--- Given entries ---
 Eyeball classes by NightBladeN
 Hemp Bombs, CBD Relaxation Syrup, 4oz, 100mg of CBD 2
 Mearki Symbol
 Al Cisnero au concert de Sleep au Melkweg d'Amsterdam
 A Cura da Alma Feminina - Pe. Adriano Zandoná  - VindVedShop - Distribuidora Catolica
---
Work request: Your task is to write out every record exactly.

Task response:
 Eyeball classes by NightBladeN
 Hemp Bombs, CBD Relaxation Syrup, 4oz, 100mg of CBD 2
 Mearki Symbol
 Al Cisnero au concert de Sleep au Melkweg d'Amsterdam
 A Cura da Alma Feminina - Pe. Adriano Zandoná  - VindVedShop - Distribuidora Catolica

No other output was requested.